After several attempts at rehabilitation, Sprow was eventually sent to jail by his parole officer, which Sprow credited as the push he needed to get clean.

"I said, 'I know I don't have to do that anymore,'" he told the audience.

Spreading the word: Vickie Glatfelter, whose son Bob Glatfelter died in 2014 from an overdose, helped organize the event with other members of Not One More York. Glatfelter co-founded the York chapter.

Glatfelter said she was sad that so many people were affected by overdoses, but she was also happy the people could come together and see they're not alone. She and other members of Not One More York were giving out pamphlets with information to assist potential addicts, including information on recovery houses.

"People don't realize what's here to help," Glatfelter said.

Alyssa Rohrbaugh, another co-founder of the organization, estimated there are roughly 80 to 100 recovery houses in York County.

"Recovery houses get such a bad rap ... but they're here for a reason," Glatfelter said, adding many of those in recovery houses are just coming out of rehab or jail.

"That's the most crucial time of their lives," she said.

Glatfelter also emphasized that Narcan, which can be administered to reverse the effects of an overdose, may be obtained through Not One More York.

Understanding:  Sprow was one of many in attendance affected by heroin and overdoses. Many held signs or wore shirts bearing the faces and names of the loved ones lost. After Sprow spoke, the names of loved ones lost to overdose were read, and balloons were released in their honor.
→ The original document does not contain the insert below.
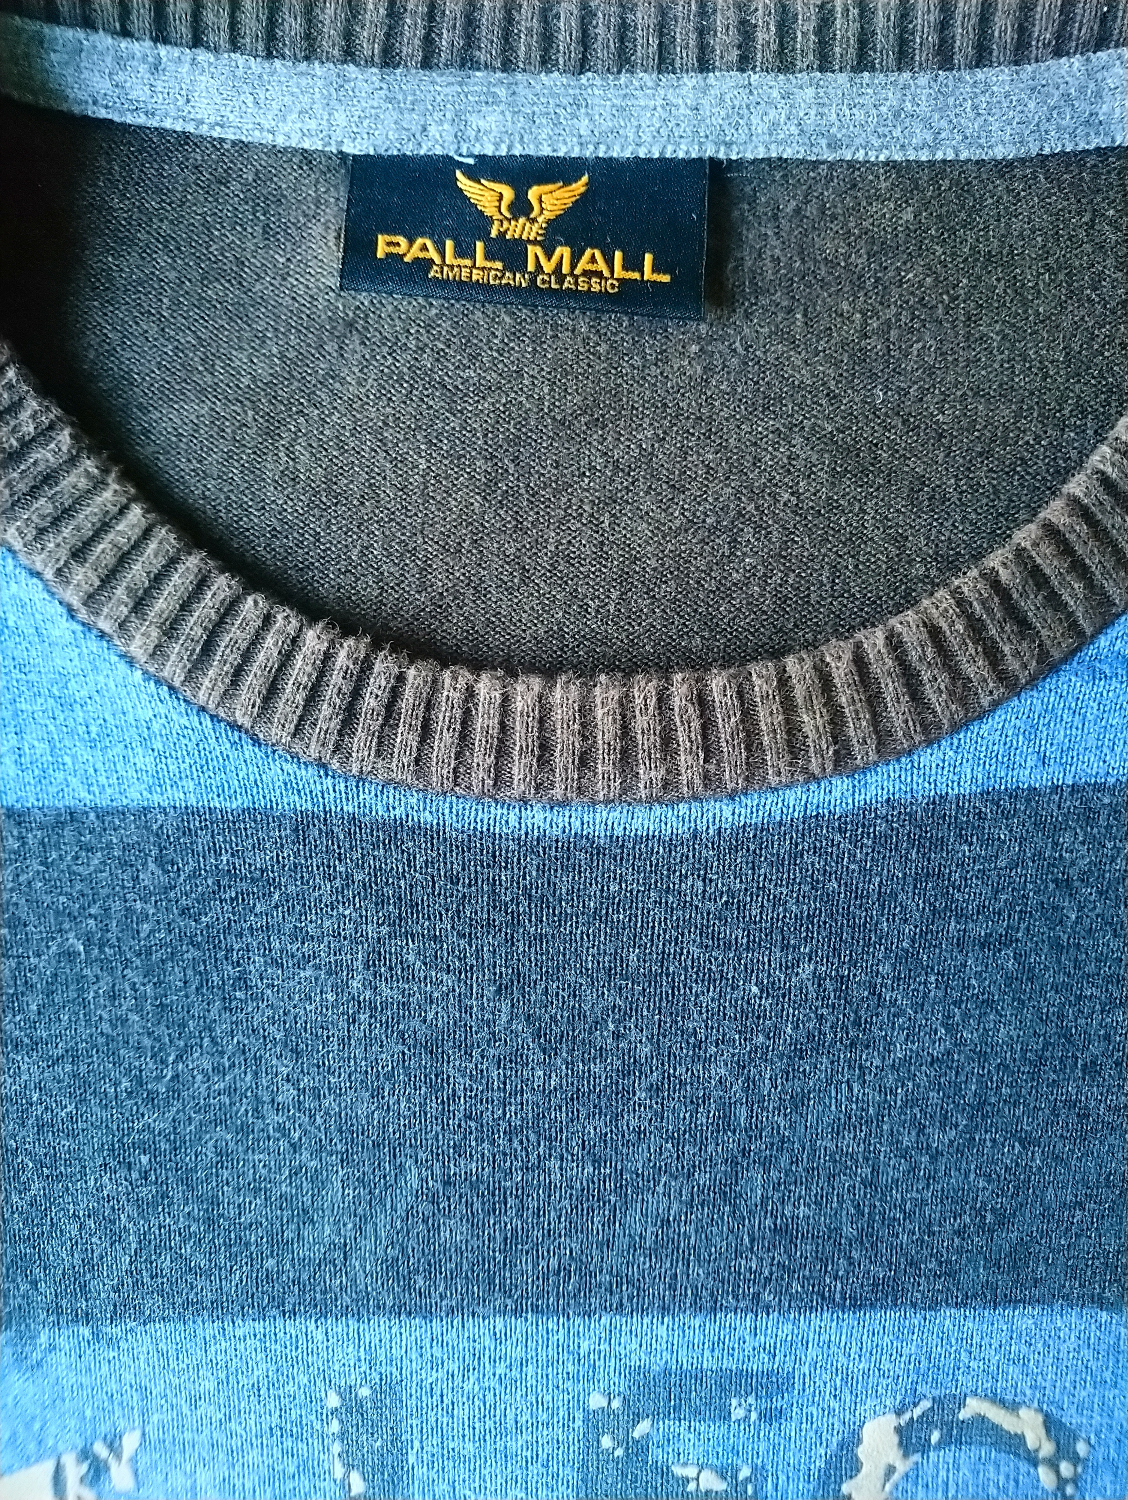 Induceren Edelsteen genetisch Pall Mall / PME Legend trui. Blauw Bruin Grijs. Maat 2XL | EcoGents

Allison Klunk, of East Manchester Township, wore a shirt that said "Love the addict, hate the disease," with a picture of her son Justin Klunk on it. He died in October 2015 of an overdose at age 29.

Klunk said the event was a good way to promote awareness. She said it helps dispel the idea of "junkies," where the addicts are looked down on.

"It really helps to heal your heart," she said of the number of people in attendance. Klunk said a lot of families affected by overdoses connect to each other and help.

"For me, it's just the understanding, really," she said.

Among those who walked was York County Coroner Pam Gay, who is also a member of the York County Heroin Task Force. She commended the event and the awareness it was bringing but said heroin addiction is still an epidemic and there is still work to be done to prevent it.

"I think it's things like this you realize you're not alone," she said. "And in some ways, empowers people."